----- Provided material -----
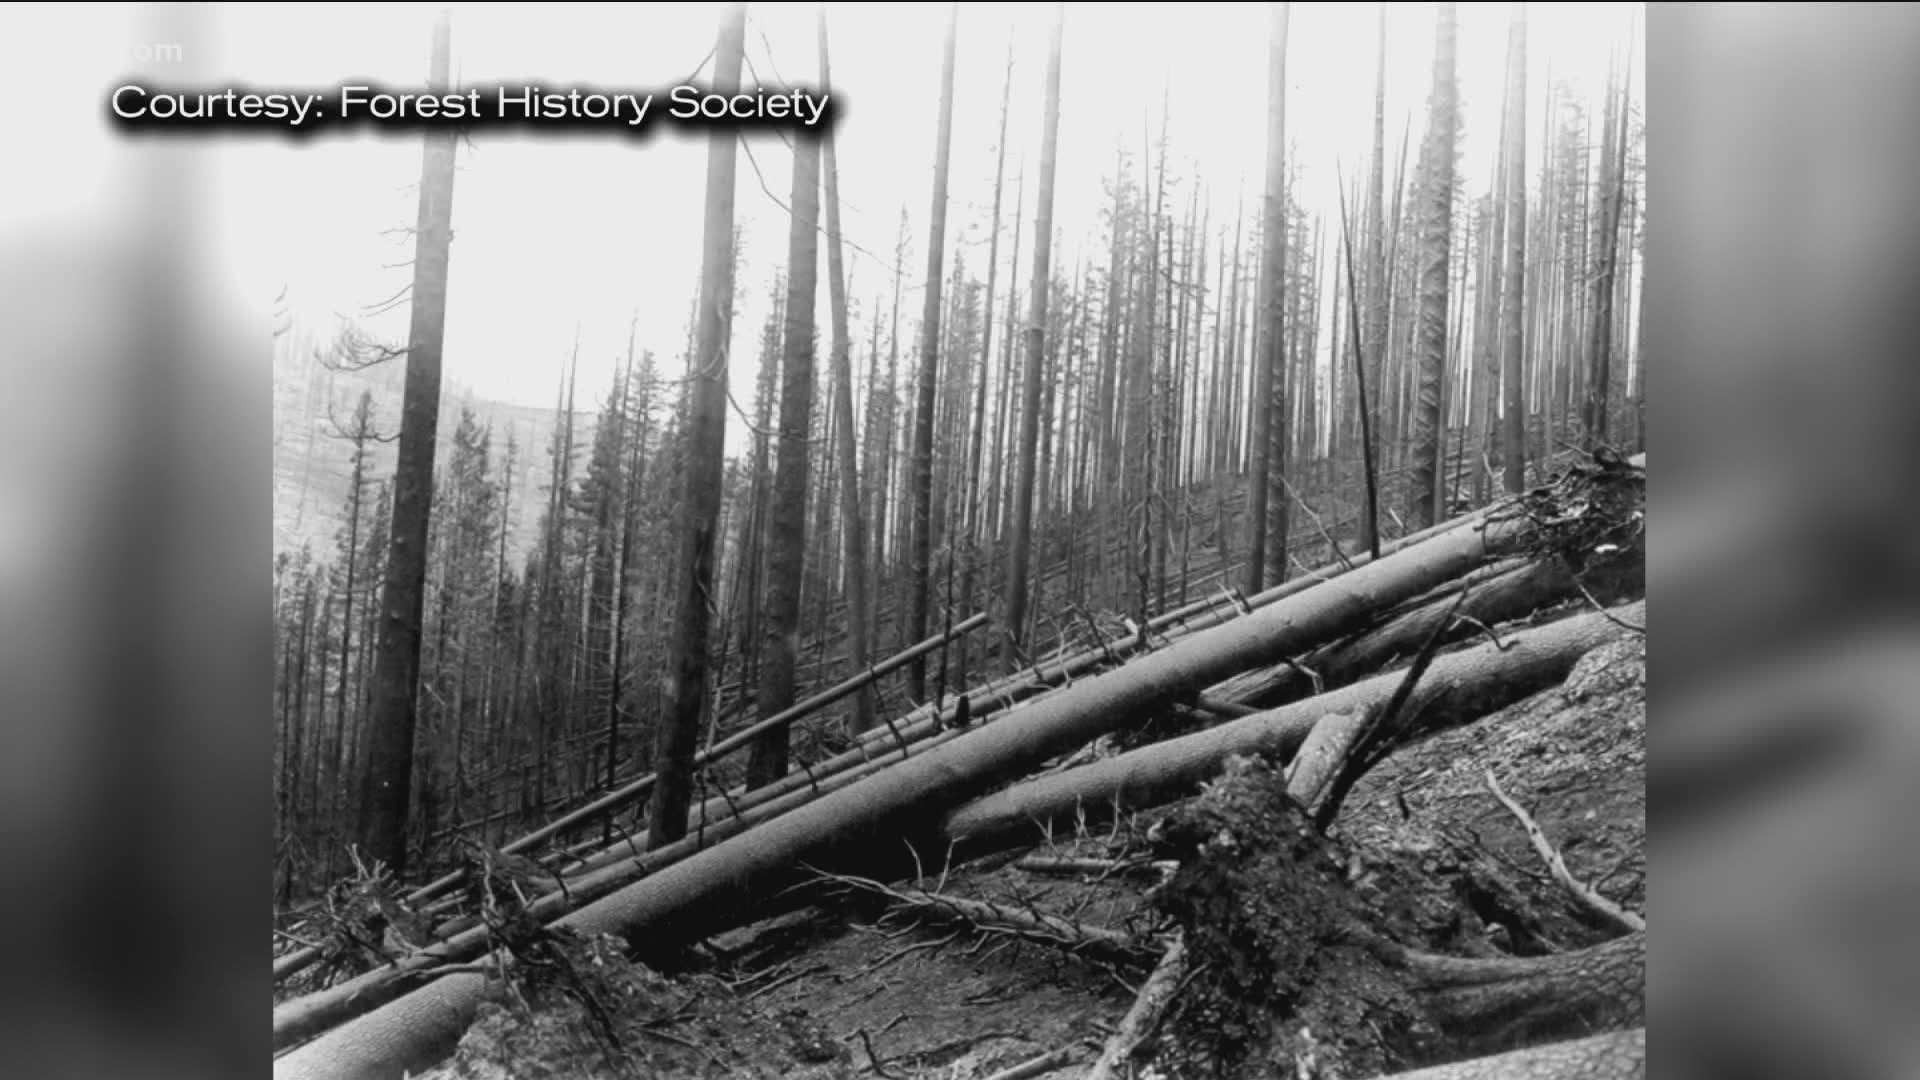 One of the worst natural disasters in 20th century American history happened here in Idaho. It was a  
wildfire called "The Big Blow-up" or "The Big Burn."
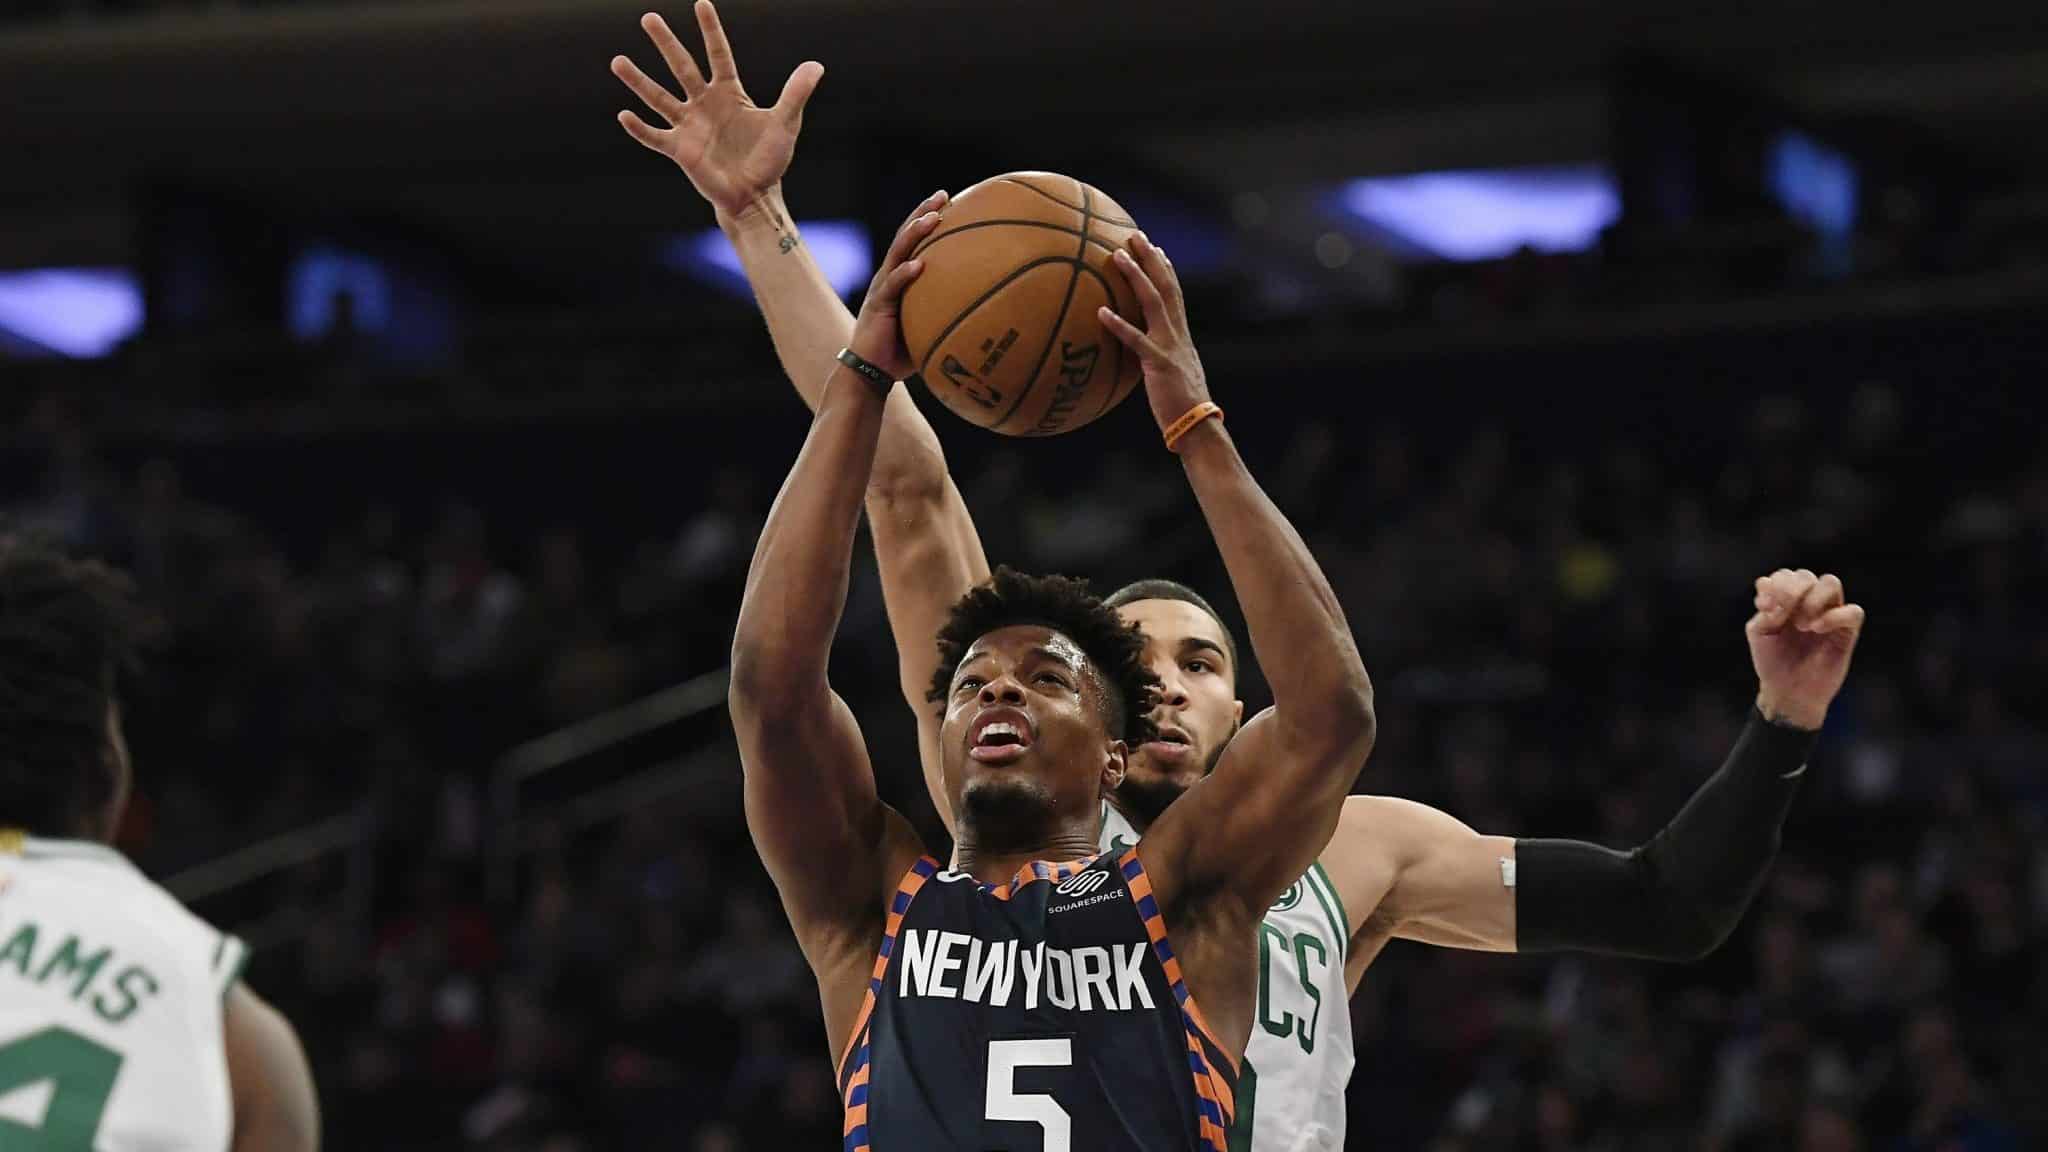 New York Knicks guard Dennis Smith Jr. (5) attempts a basket during the first half of an NBA basketball game against the Boston Celtics, Sunday, Dec. 1, 2019, in New York.
-----
#### [What you have to do]
Write out the data exactly, but not its pictures.

#### [Solution to the problem]
 One of the worst natural disasters in 20th century American history happened here in Idaho. It was a  
wildfire called "The Big Blow-up" or "The Big Burn."
 New York Knicks guard Dennis Smith Jr. (5) attempts a basket during the first half of an NBA basketball game against the Boston Celtics, Sunday, Dec. 1, 2019, in New York.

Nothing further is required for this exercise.